I should make small-talk with her. If I'm her friend, I'll start thinking about her as a person and make myself stop thinking of her as lunch… "It's too bad about the snow, isn't it?" It was a logical enough question considering what I had heard from Jessica's mind at lunch.

She stiffened before answering and it made me loath the fact that I couldn't read her mind once again, "Not really." She looked somewhat suspicious of my line of questioning.

Amused a little now, I stated to get it out there, "You don't like the cold."

"Or the wet," she added.

"Forks must be a difficult place for you to live," I mused as I tried to figure her out. I was not used to doing this manually, having to figure out about someone by talking to them.

"You have no idea," she muttered darkly, remembering some dark day from the past.

She lived here by choice, and yet she hated it here? What was that about? "Why did you come here, then?"

I think no one had asked her that question yet, "It's… complicated."

"I think I can keep up," I pressed trying to keep this conversation from dying out. If she could keep up with it, I certainly could!

She met my eyes the next second and blurted out the answer, "My mother got remarried."

It was so simple I almost laughed, "That doesn't sound so complex," There had to be more to the story than that, and this girl was starting to be more interesting by the second. I softened my tone, "When did that happen?"

"Last September," she stated sadly.

By the tone of her voice she must not like this guy, "And you don't like him." I kept my tone friendly so she wouldn't back off.

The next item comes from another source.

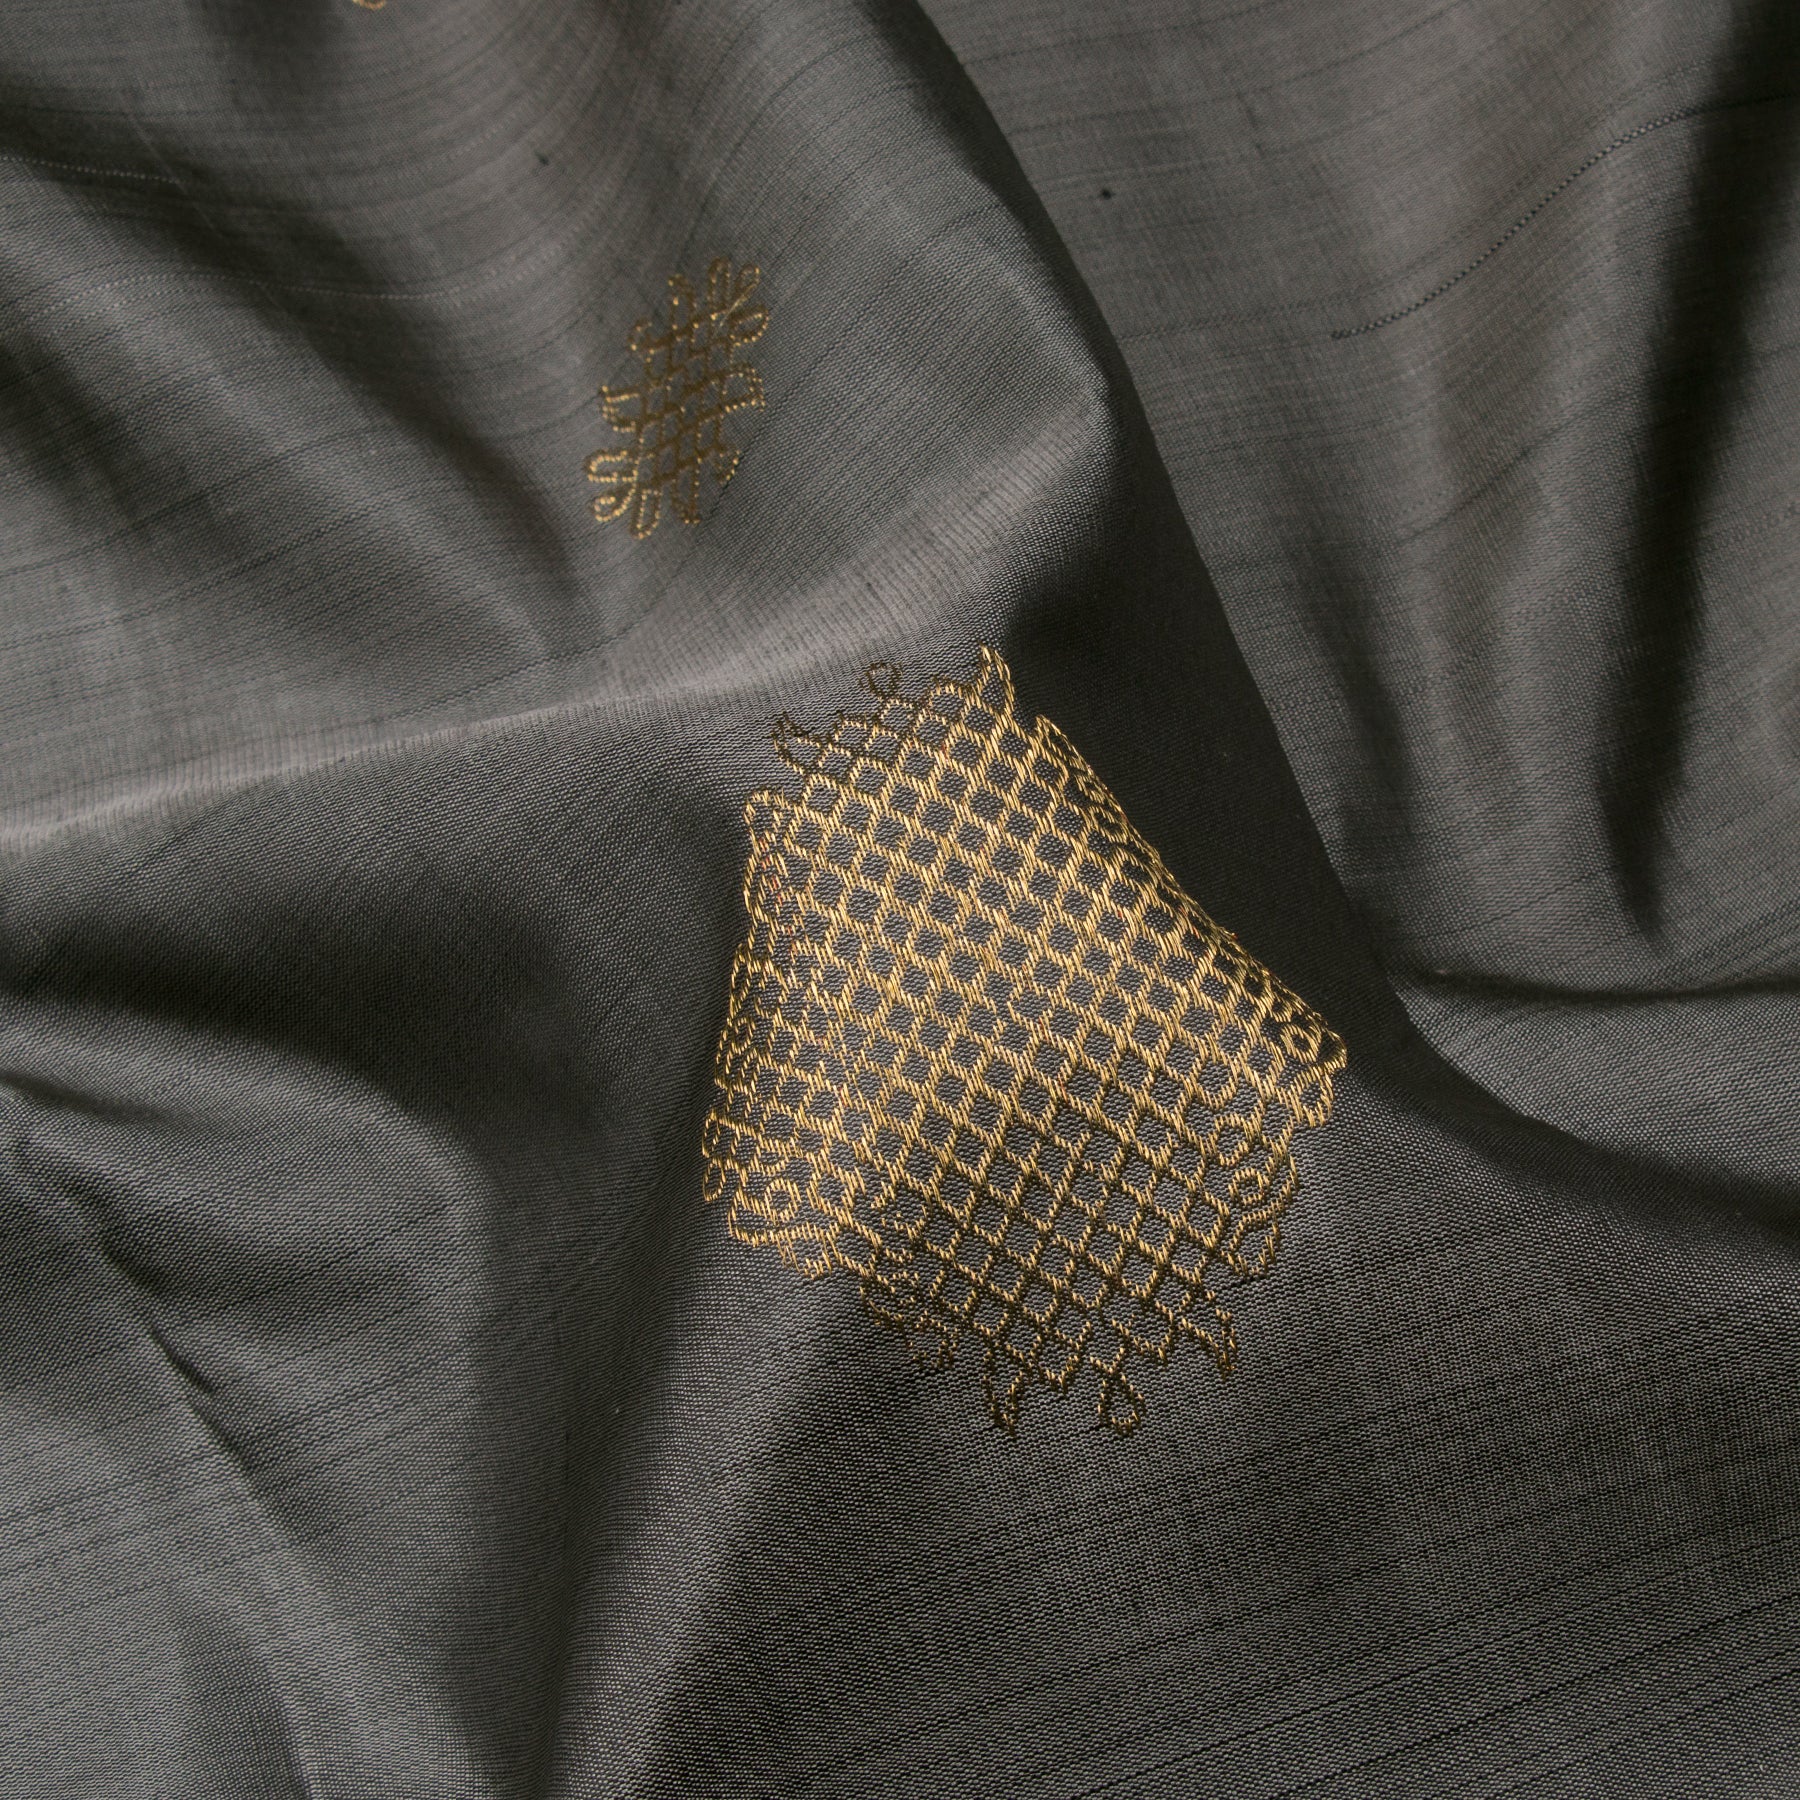 Kanakavalli Kanjivaram Silk Sari 23-595-HS001-11347 - Fabric View

"No, Phil is fine. Too young, maybe, but nice enough."

"Why didn't you stay with them?" Things aren't adding up… I stared at her without noticing as I tried to desperately read her thoughts.

"Phil travels a lot. He plays ball for a living."

"Have I heard of him?" She smiled, so I naturally smiled back. Even vampires know what baseball is.

"Probably not. He doesn't play _well_. Strictly minor league. He moves around a lot."

I made an assumption of what was coming next, "And your mother sent you here so that she could travel with him."

She raised her head a little before denying my statement, "No, she did not send me here. I sent myself."

What? "I don't understand." I know that I'm not handling myself well, and I'm showing my frustration. Why would she send herself here?

She sighed before continuing, "She stayed with me at first, but she missed him. It made her unhappy…so I decided it was time to spend some quality time with Charlie."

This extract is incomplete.